#### Problem to solve:
The entries need to be copied exactly as they stand, images left out.

(Input records)

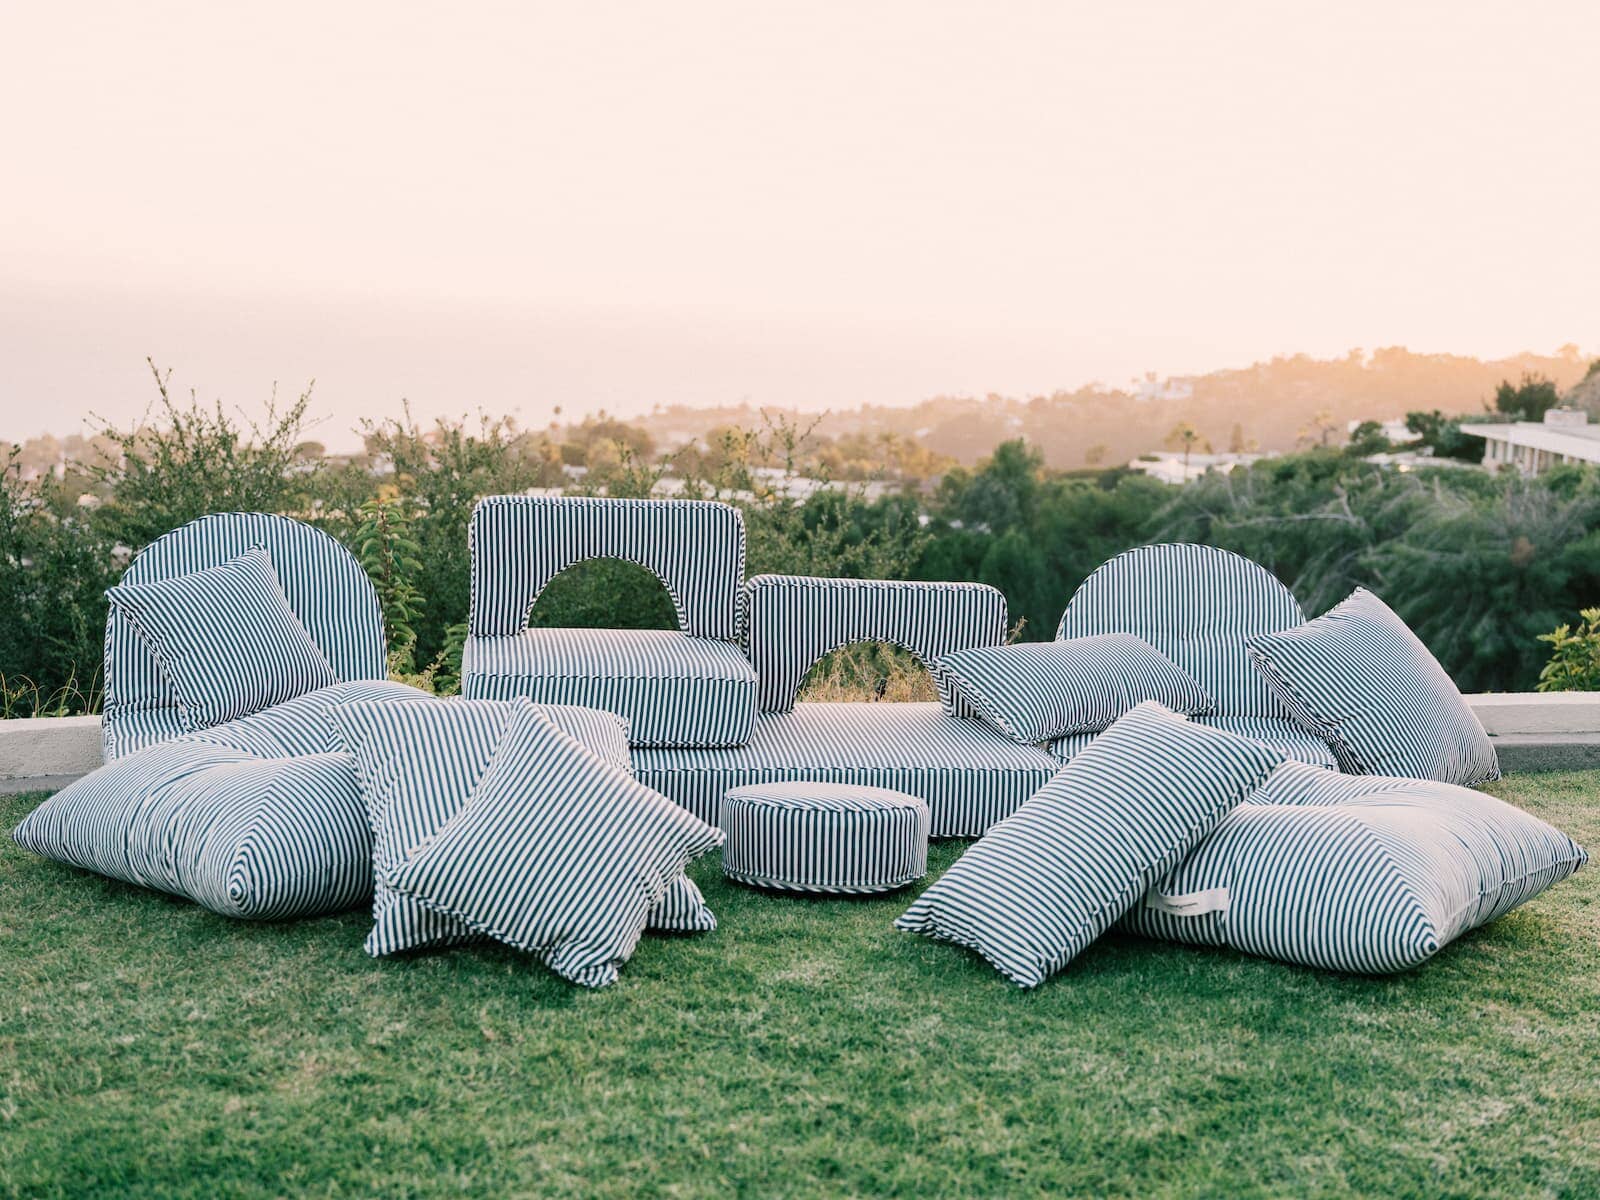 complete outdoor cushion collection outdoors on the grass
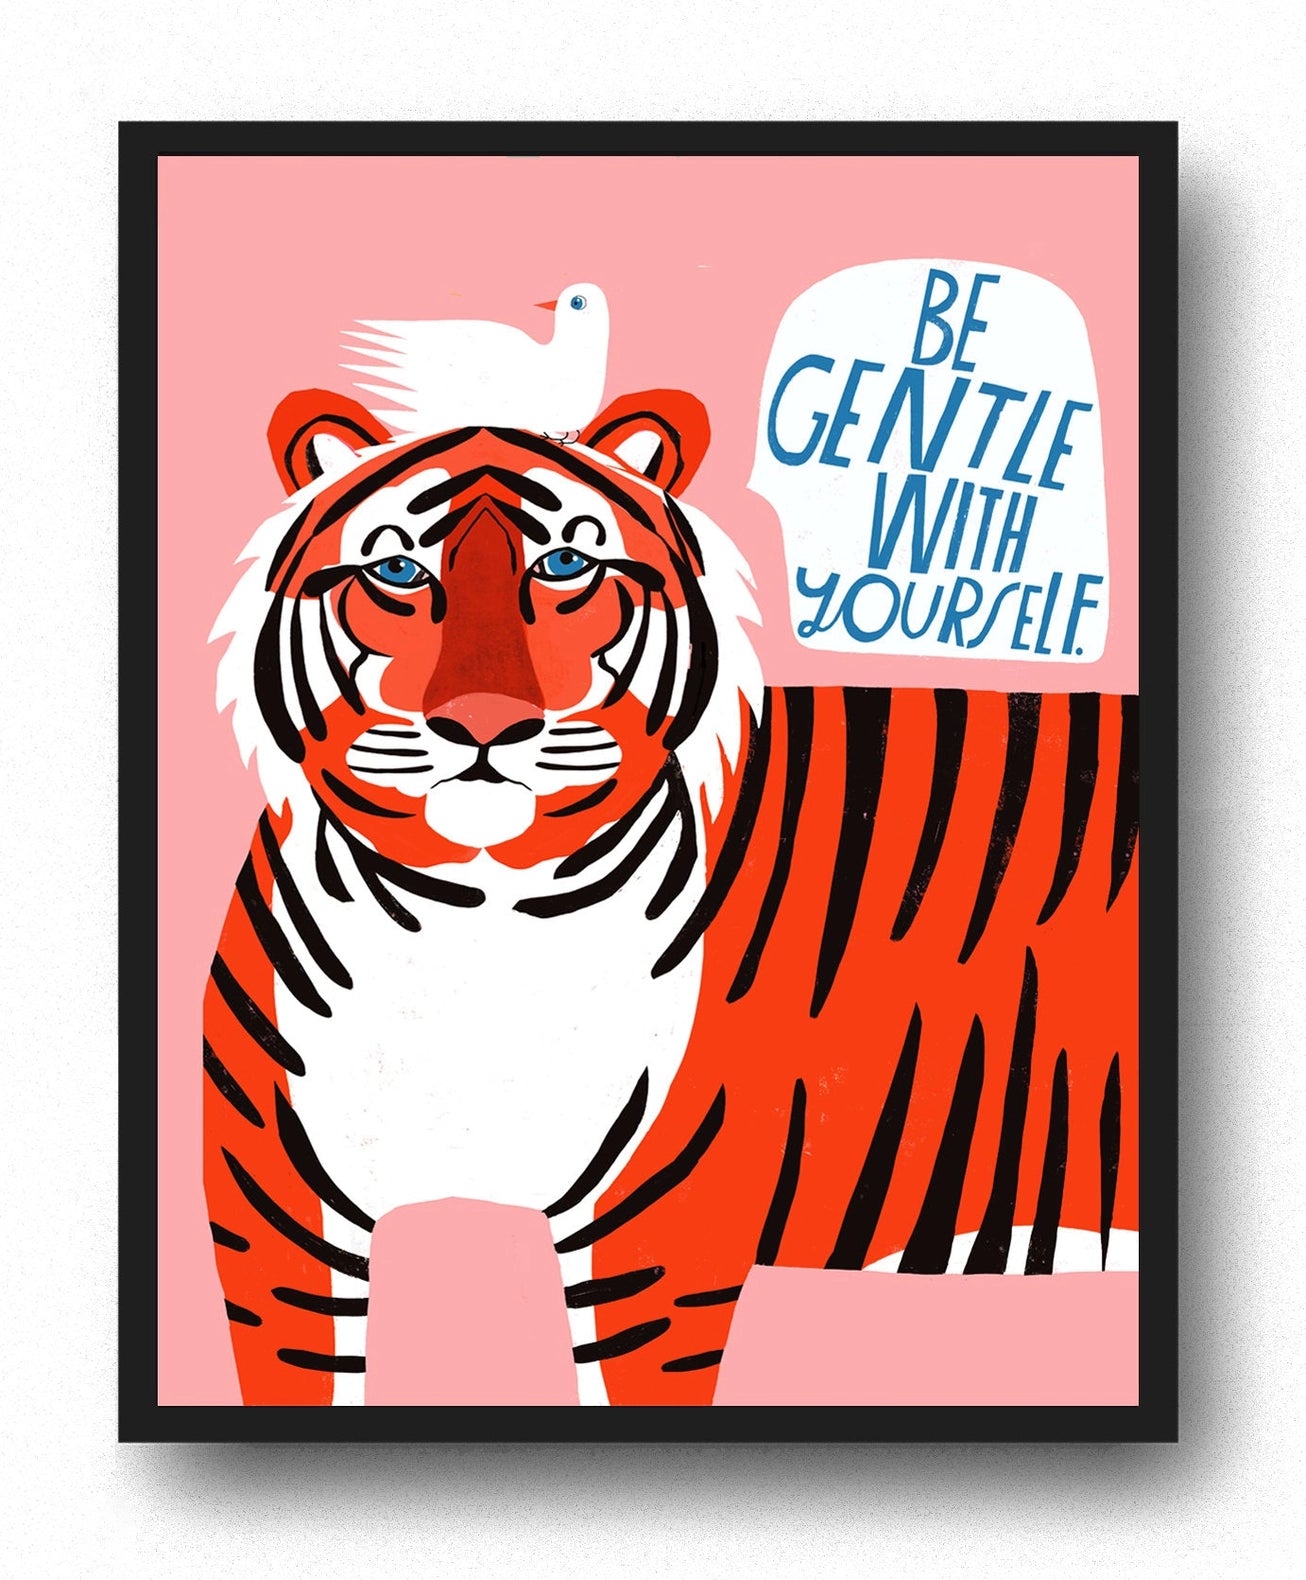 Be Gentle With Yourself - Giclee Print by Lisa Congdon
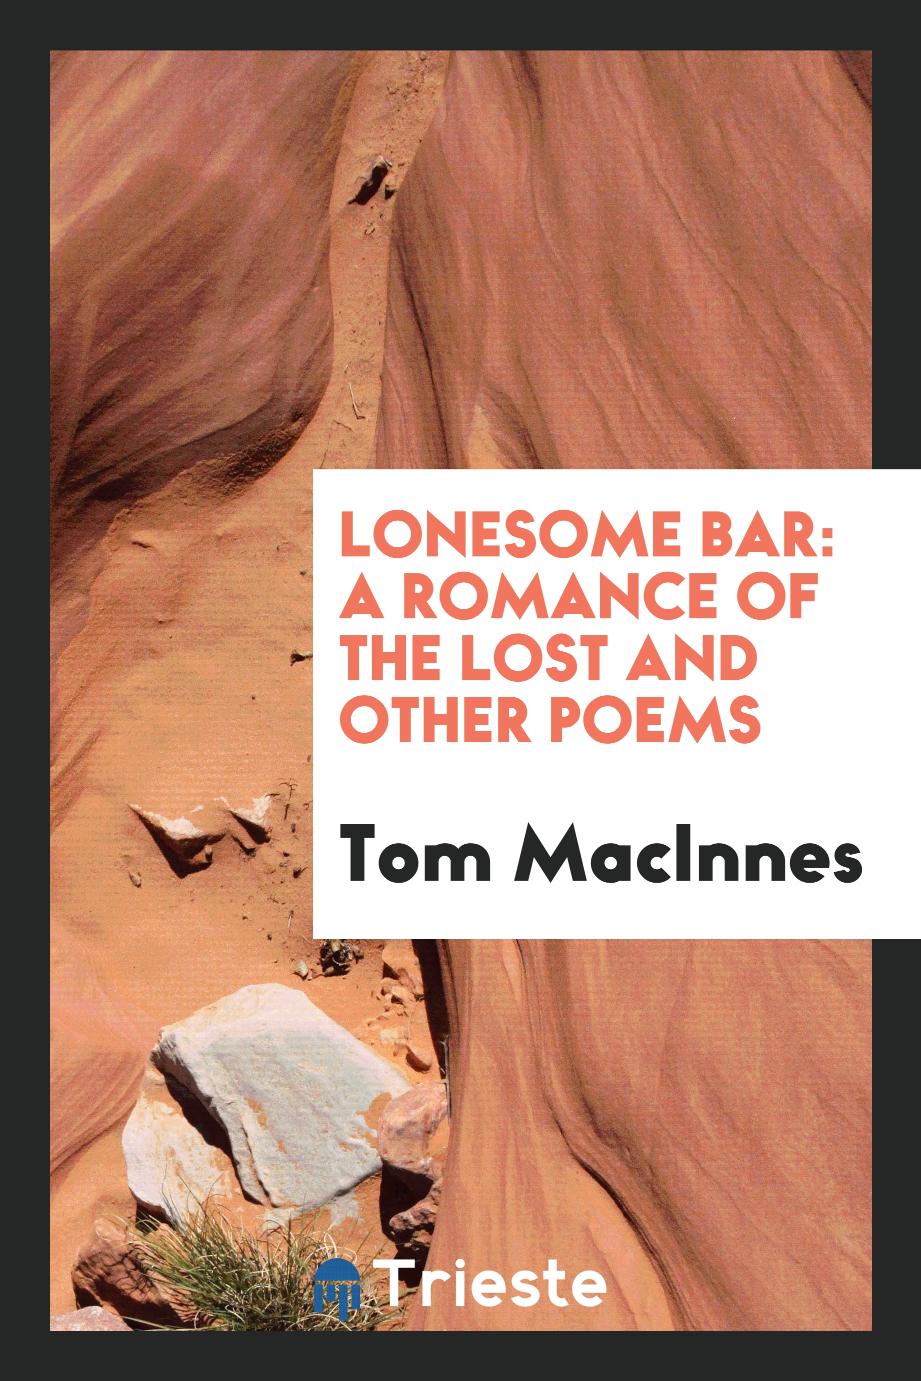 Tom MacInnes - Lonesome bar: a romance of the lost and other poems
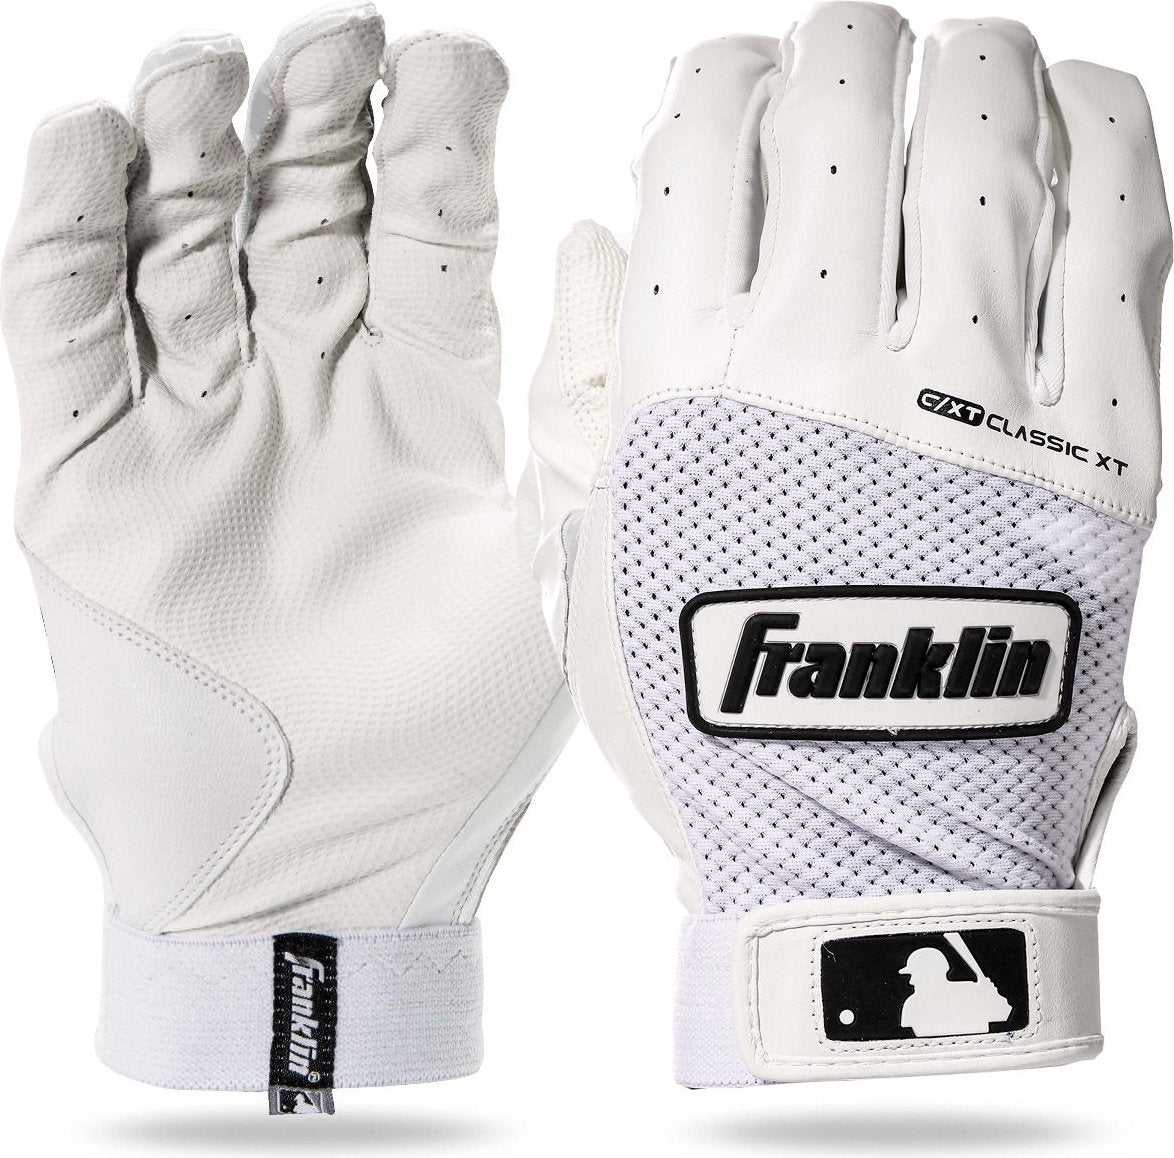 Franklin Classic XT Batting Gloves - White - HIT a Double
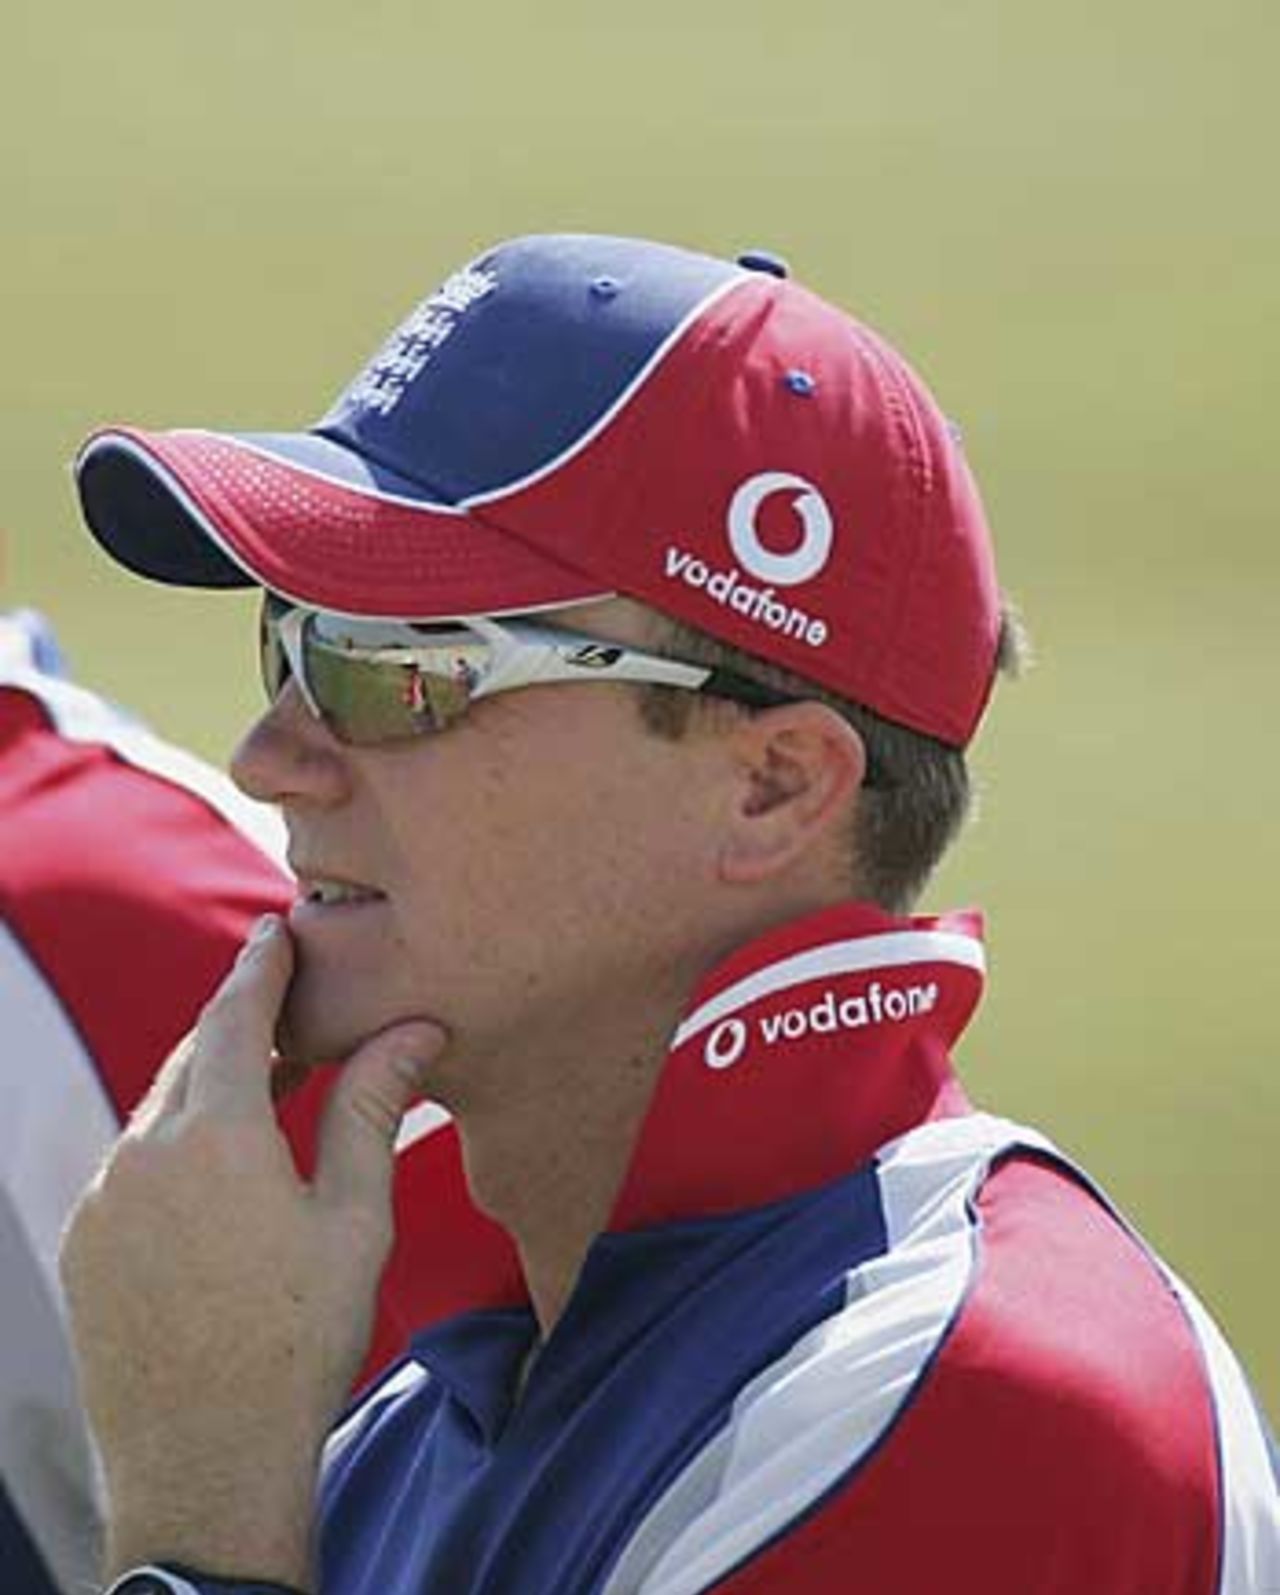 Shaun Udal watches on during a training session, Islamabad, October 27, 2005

(End Input records)

#### Task answer:
 complete outdoor cushion collection outdoors on the grass
 Be Gentle With Yourself - Giclee Print by Lisa Congdon
 Tom MacInnes - Lonesome bar: a romance of the lost and other poems
 Franklin Classic XT Batting Gloves - White - HIT a Double
 Shaun Udal watches on during a training session, Islamabad, October 27, 2005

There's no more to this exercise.